Recently, the appearance of endemic community-acquired MRSA (CA-MRSA) has been reported (13, 16, 20). In contrast to hospital-acquired MRSA (HA-MRSA), CA-MRSA is frequently isolated from healthy people. Most of these strains are susceptible to several older but clinically important antibiotics (20). An additional characteristic of CA-MRSA strains potentially explaining their emergence is the carriage of exotoxins (3), in particular Panton-Valentine leukocidin (PVL) (20, 21), which is involved in recurrent skin and soft tissue infections or lethal necrotizing pneumonia (4).

The genetic basis of the methicillin resistance of MRSA isolates is the presence of mecA, a gene coding for the low-affinity penicillin-binding protein PBP2', which is invariably located on a mobile genetic element designated SCC-mec (staphylococcal cassette chromosome mec) (11), flanked by terminal inverted and direct repeats (9). This element contains two site-specific cassette chromosome recombinases, ccrA and ccrB, responsible for the precise excision and integration of SCC-mec within the bacterial chromosome (11).

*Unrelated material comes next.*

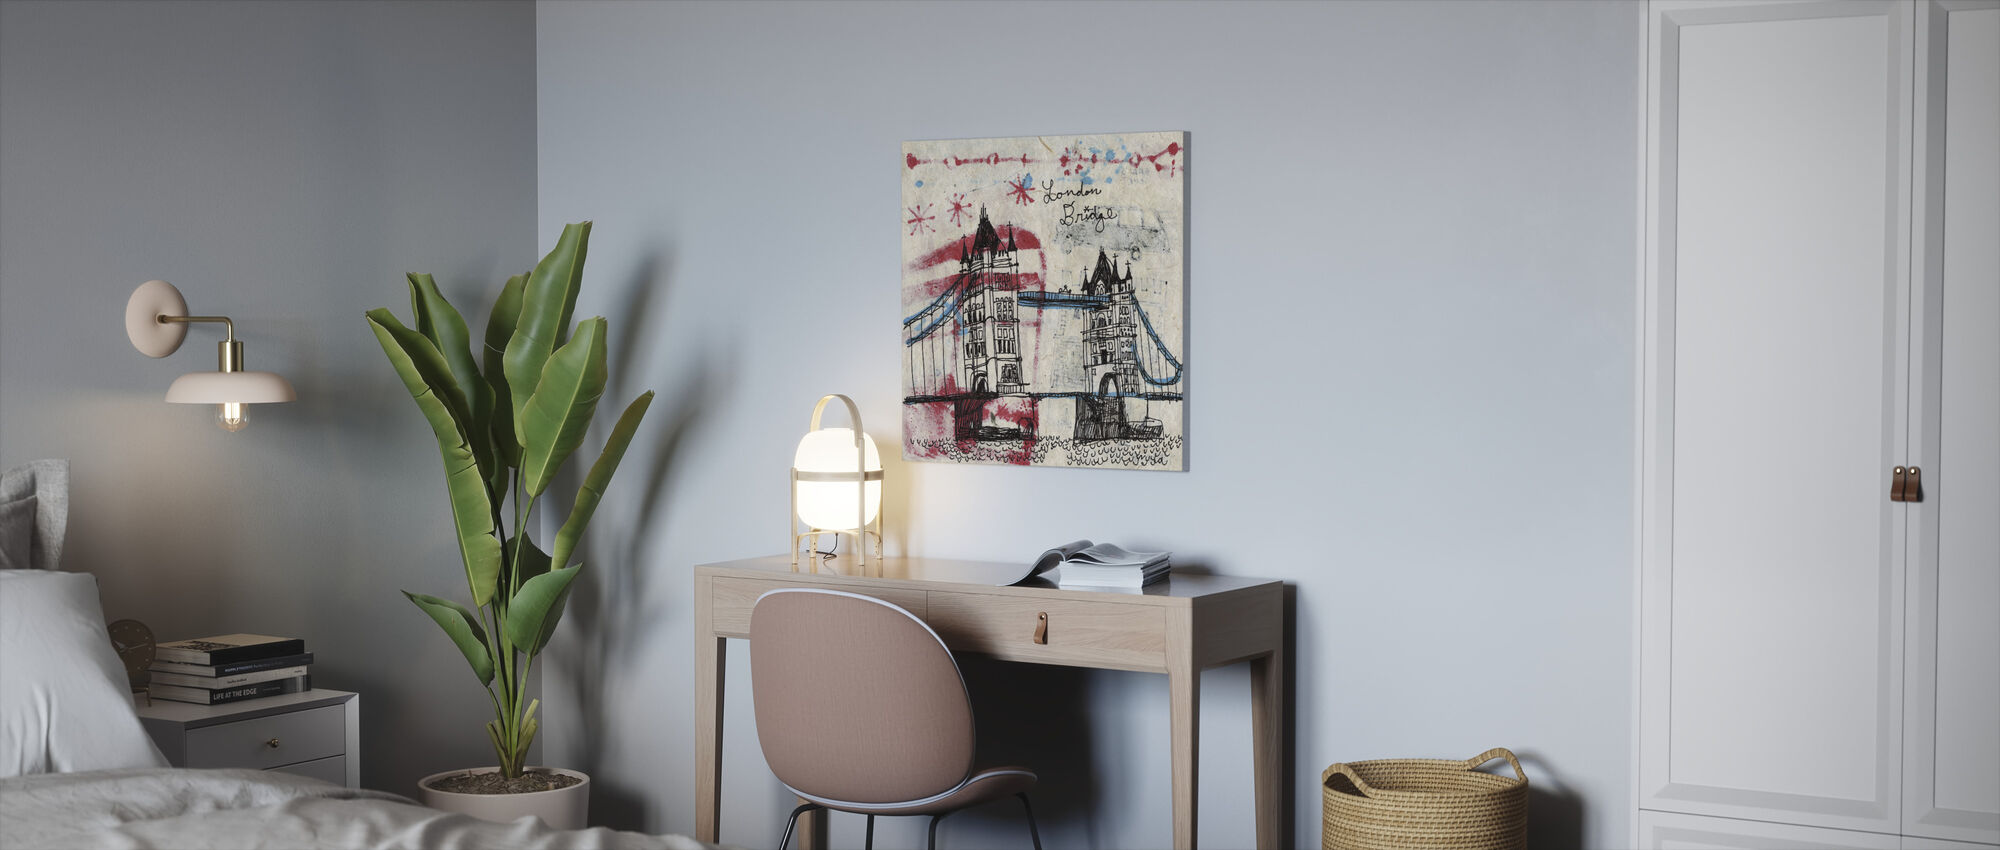 Tårn bro - Lerretsbilde - Kontor

Four differently organized SCC-mec elements have been characterized (10). Three types of SCC-mec elements are typically found in HA-MRSA strains: (i) type I, a 34-kb element that was prevalent in MRSA isolates in the 1960s; (ii) type II, a 53-kb element that was identified in 1982 and is ubiquitous in Japan, Korea, and the United States; and (iii) type III, the largest element at 67 kb, which was identified in 1985 and is prevalent in Germany, Austria, India, and other South Asian and Pacific areas (7, 11). In contrast to HA-MRSA isolates, CA-MRSA isolates generally carry the SCC-mec type IV element, which is much smaller than the SCC-mec type I, II, and III elements (10, 12). At least four subtypes of the type IV SCC-mec element, whose sizes vary from 20 to 24 kb, have been reported (IVa to IVc [10] and IVd [accession number AB097677]).

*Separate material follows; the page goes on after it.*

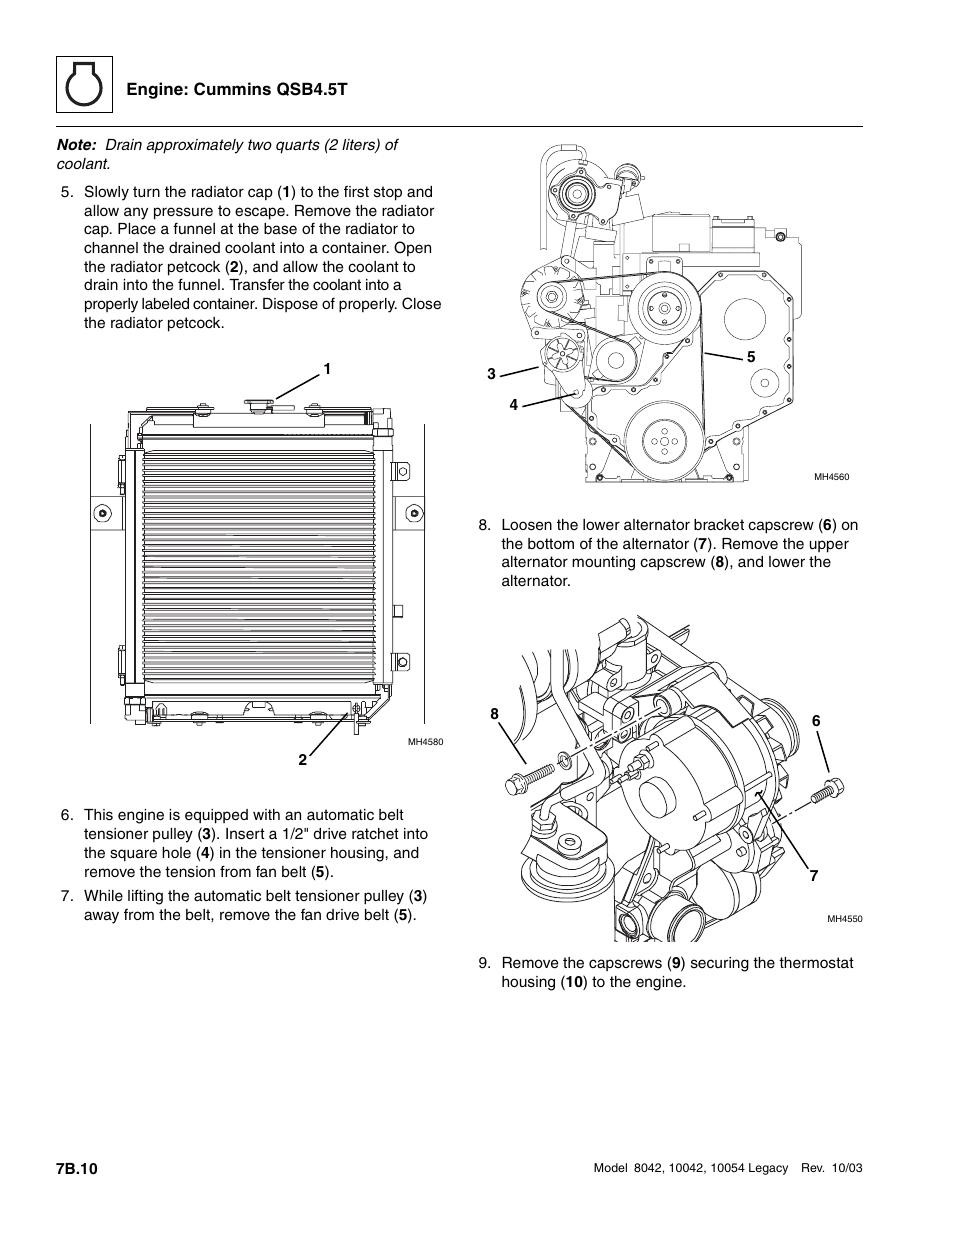 SkyTrak 8042 Service Manual User Manual | Page 377 / 906 | Also for: 10054 Service  Manual, 10042 Service Manual

The molecular composition of the four SCC-mec elements reveals key components useful for SCC-mec typing (9). Variations in this gene set allowed the identification of four classes of mecA gene complexes (7, 10). A second essential region is the ccr gene complex mentioned above. Types I and III harbor ccrA1-B1 and ccrA3-B3 recombinases, respectively; whereas both types II and IV contain ccrA2-B2 recombinases, showing some difference in their amino acid sequences (9).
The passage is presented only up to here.